確か21世紀に入ったくらいから、テレビとは無縁の生活を送っているように記憶している。別段それで不自由でも、不便でもない。むしろ快適なくらいだ。
ただ例外的に、夕食の時間は家族がテレビを点けているので、嫌でも視聴せざるをえない状況に置かれる。無論、一人の我儘で消させるなどということはしない。そこまで自分は神経質ではないし、そのくらいの分はわきまえている。
そんなわけで、夜の7時台だけはボーッと画面を眺めているのだが、この時間帯はクイズ番組が多い*1。

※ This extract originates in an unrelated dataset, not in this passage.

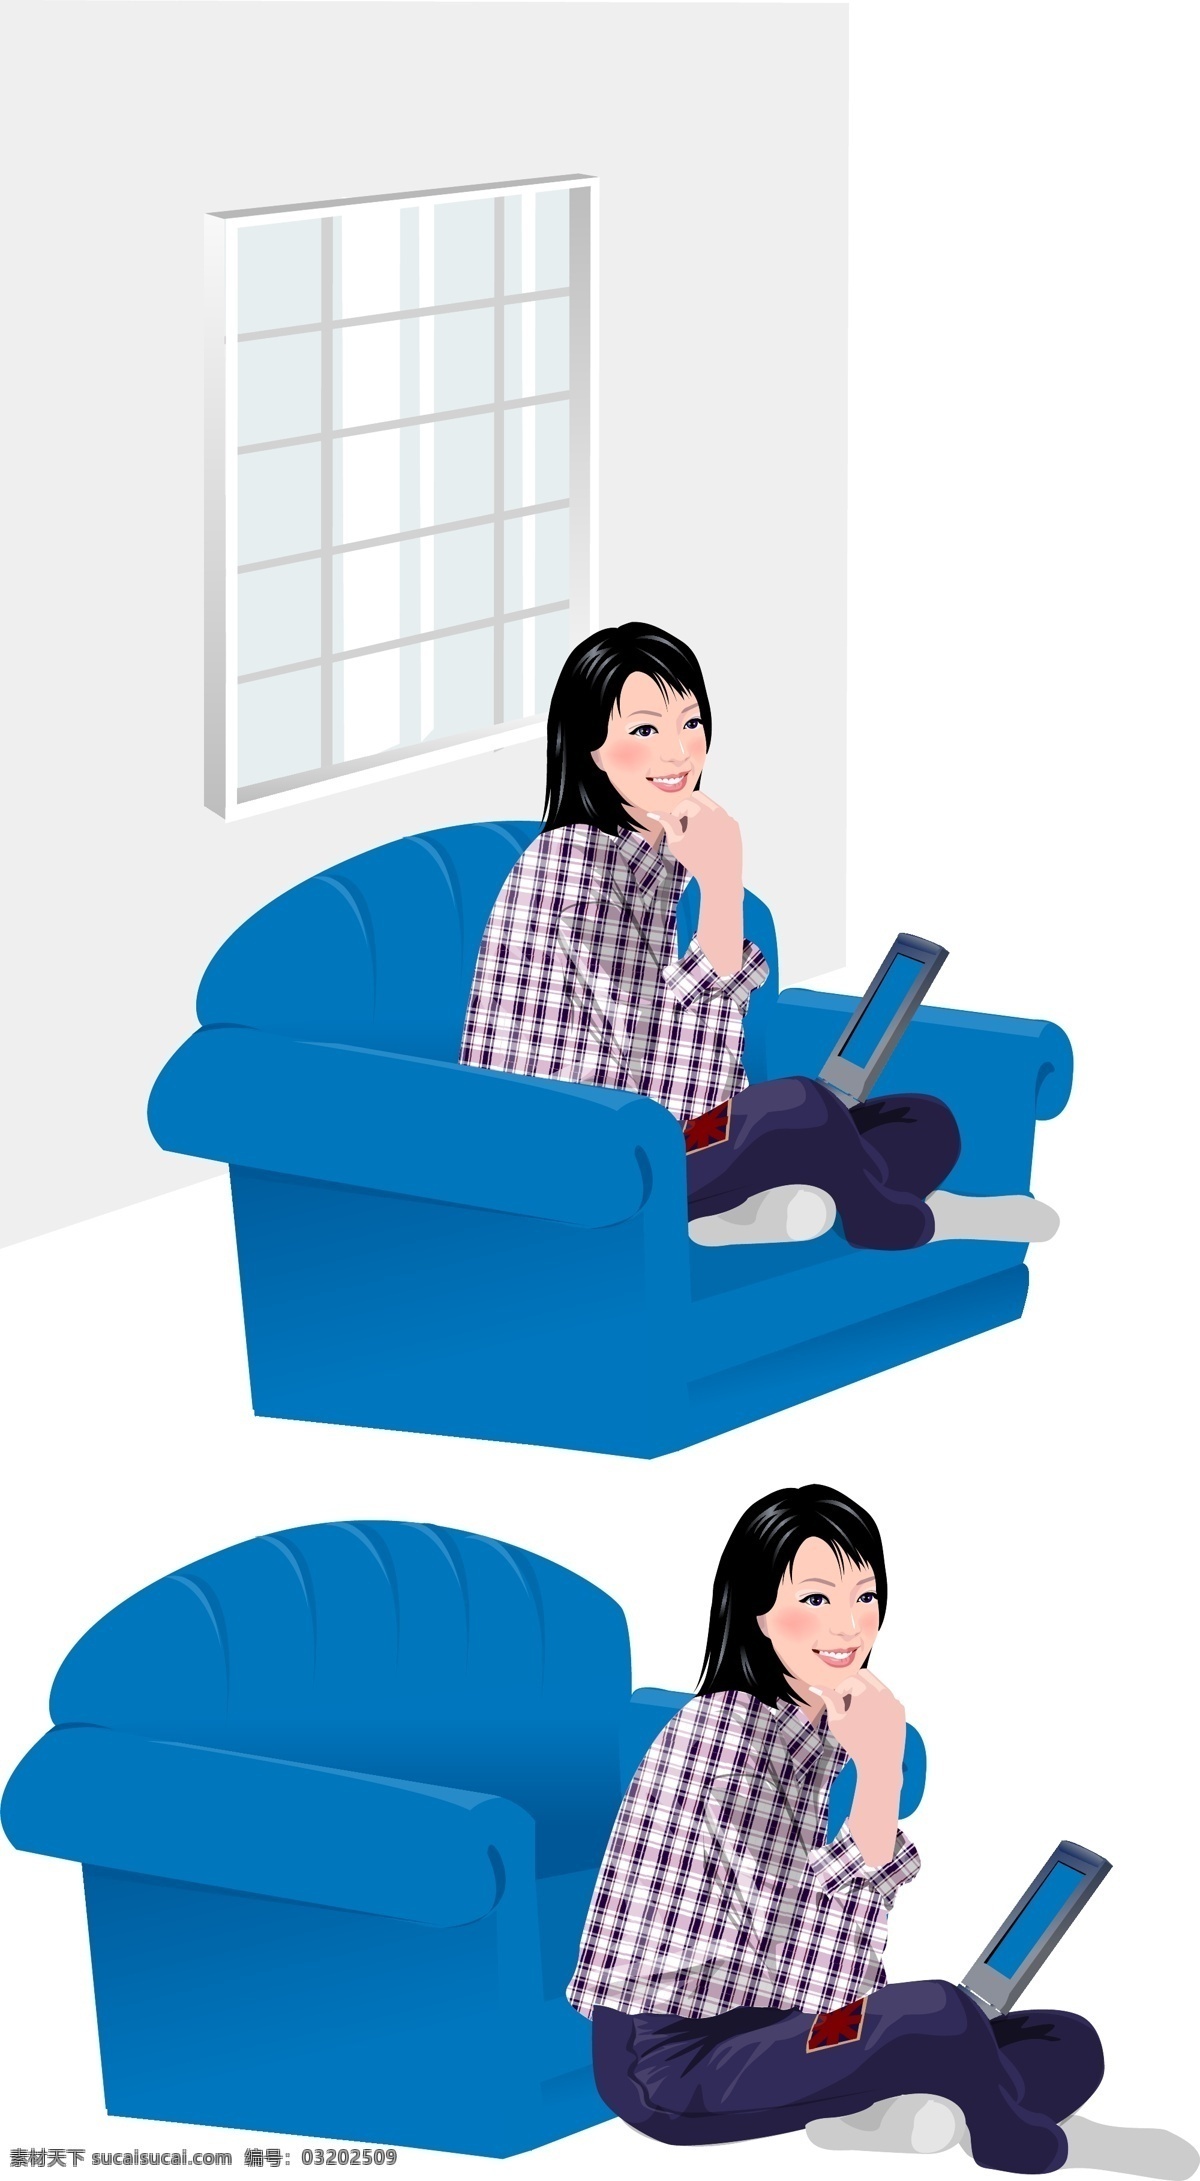 卡通 女人 矢量 背景 动漫素材 沙发 矢量素材 书

そしてどの番組も、どこまでも気の抜けたような問題ばかりが出題される。
日本各地の観光名所の名前とか、城や寺社仏閣の名前とか、山とか花とか、毎週毎週飽きもせずに聞いては、名前くらいしか知らないタレントが大袈裟に間違えて笑いを取っている。
上記の問題のジャンル、考えてみれば年寄りが好きそうなものばかりである。昨今はテレビなんぞ高齢者くらいしか見ないだろうし、やはり視聴者層の好みに合わせて作問しているのだろうか。そうしてみると、なんとなく番組自体が年寄りの認知症予防かなにかのためにあるかのように思えてくる。

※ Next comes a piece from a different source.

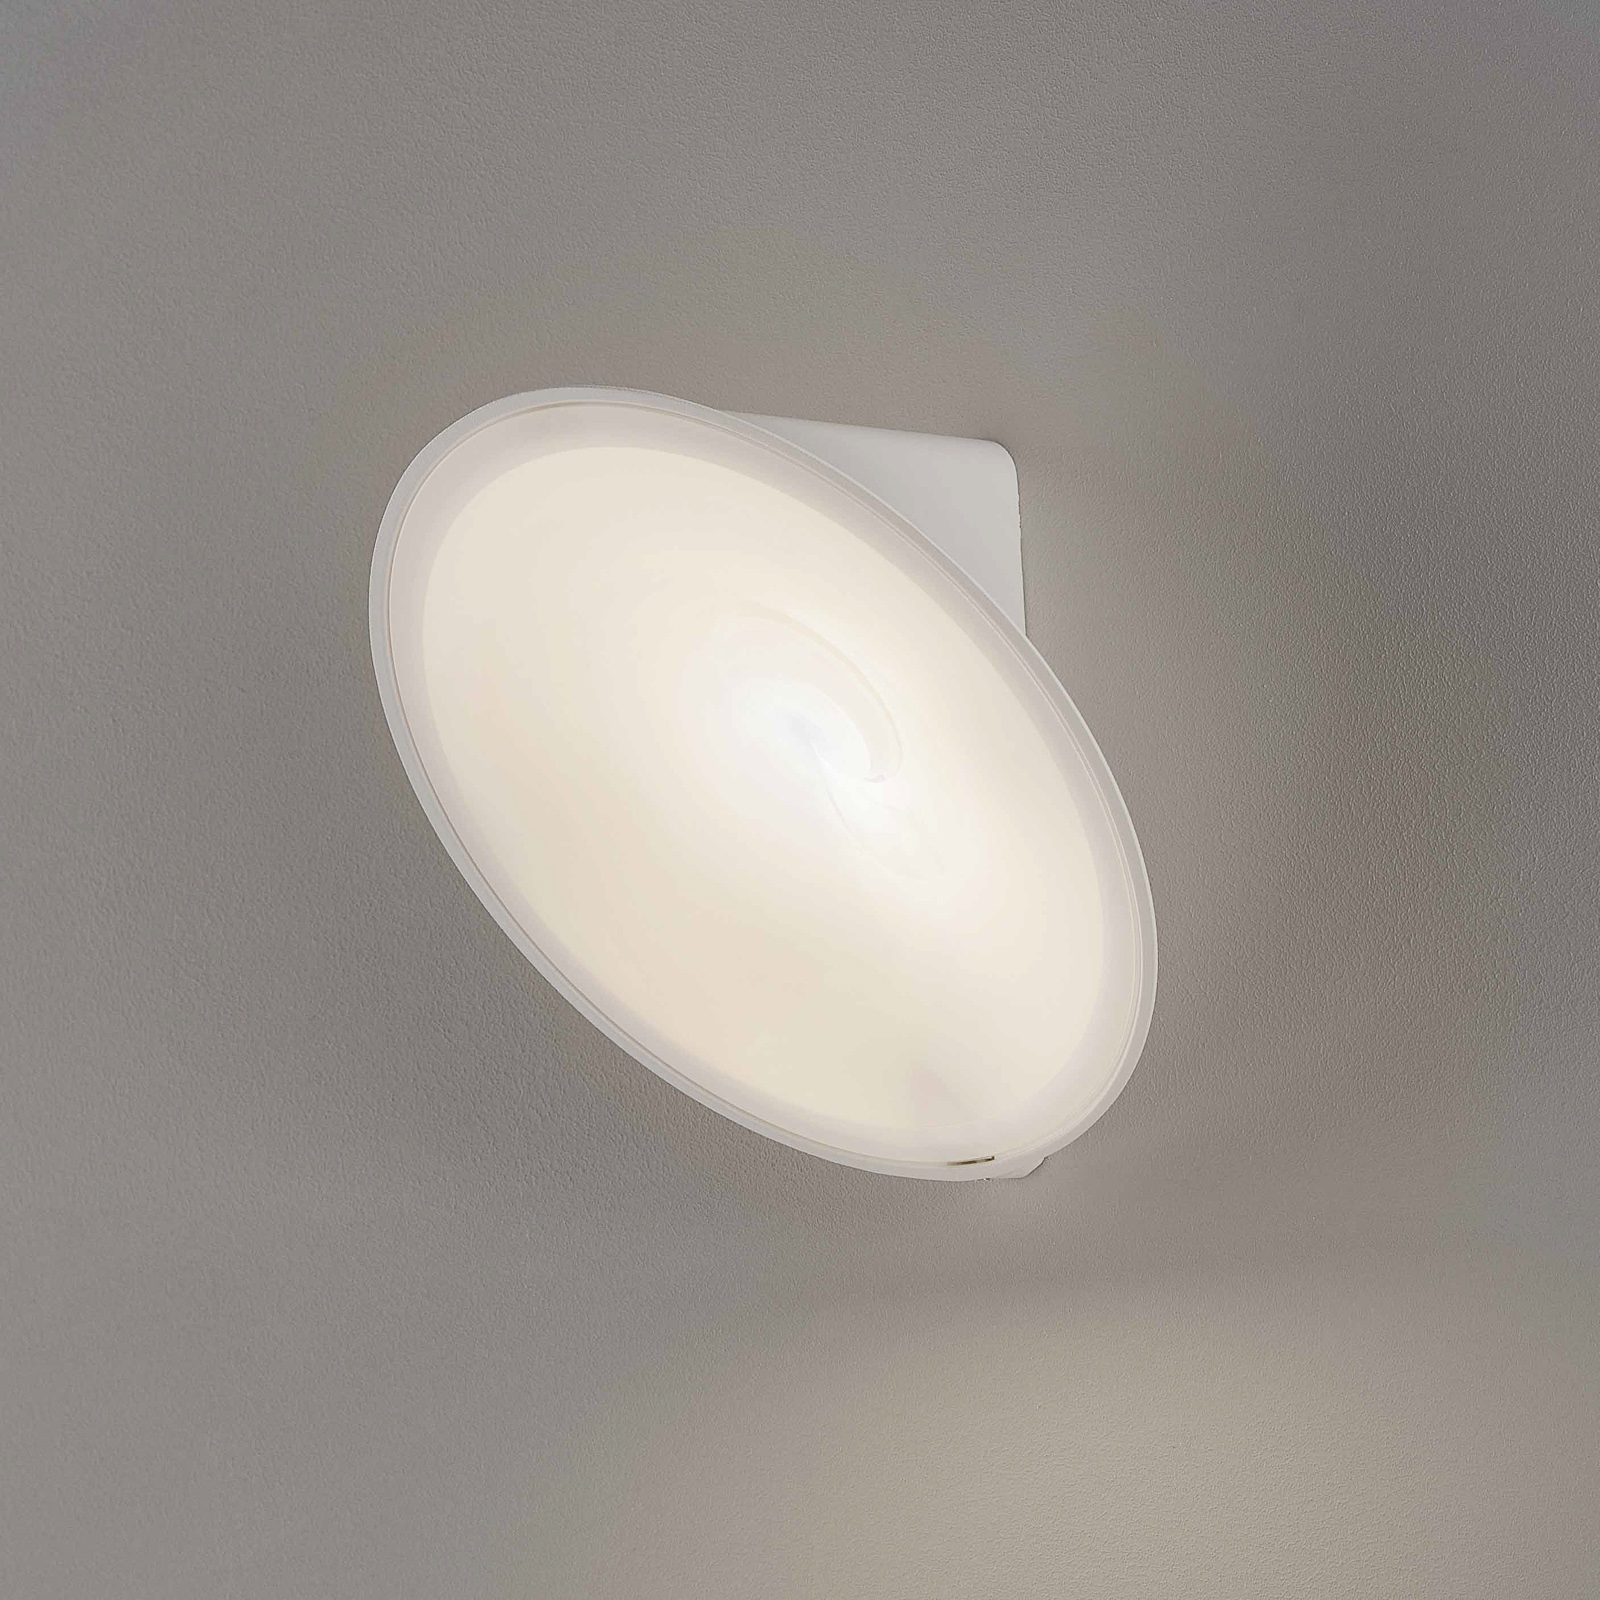 Axolight Orchid LED fali lámpa, fehér színben

かと思えば、スポンサーの意向か知らないが、テーマパークのアトラクションの名前や、外食チェーンのメニューのランキングを当てさせたりと、そんなもんクイズにする意味があるのかと言いたくなるようなものが続く。が、もう見る側もそんなもんだという感じで諦めている。
昔は各番組もう少し趣向を凝らして、それなりに面白いと思えるものもあったような記憶がある。

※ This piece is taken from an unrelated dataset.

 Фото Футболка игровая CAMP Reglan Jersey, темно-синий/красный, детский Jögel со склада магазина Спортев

大昔は単に知識と瞬発力で物を言わせるなるクイズ番組がほとんどだったが、それだけではない、知的エンタメのようなもののはしりとして、「平成教育委員会」(レギュラー放送は1991年-1997年)という番組があった*2。あの番組の画期的だった点は、解答者に知識だけでなく、特に理数系で重要になる論理的思考力を要求したところであると思う。きちんと筋道立てて説明できないと、勘で当てたくらいでは評価されない。その辺のシビアさが良かった。
しかし、あの番組も理数系の難しめの問題は徐々に減っていったように記憶している。もしかすると、その時間帯だけ視聴率が落ちたなどの事情があったのかもしれない。視聴者からのクレームとしては「もっと簡単にしろ」は来るだろうが、「もっと難しくしろ」というのはあまり想像できない。どんどん幼稚化するのは、この手の番組の宿命なのかもしれない。
その他にも、あの時代は「マジカル頭脳パワー!!」(1990年-1999年)とか「カルトQ」(1991年-1993年)とか、今思うと各番組それぞれ特色があったのだなあなどと考える*3。そこまで熱心に見ていたわけではないけど。
7時台の番組だけ見て物申すのもおこがましいとは思うのだけど、知的エンタメや脳トレといったものが大好きなはずのわが国民は、どうも段々馬鹿になっているような気がする、と昨今のクイズ番組を見ていると思う。明らかに問題のレベルが下がっている。
先日、某クイズ番組を見ていたら、「亀は爬虫類か両生類か?」という問題が出題され、しかもそれが難問扱いされていたのには、さすがに唖然とした。せめてイモリとヤモリくらいなら分からなくもないのだが。あんたらウン十年間亀が爬虫類と知らずに生きてきたのかと思わず顔も見えない視聴者を問い詰めたくなった*4。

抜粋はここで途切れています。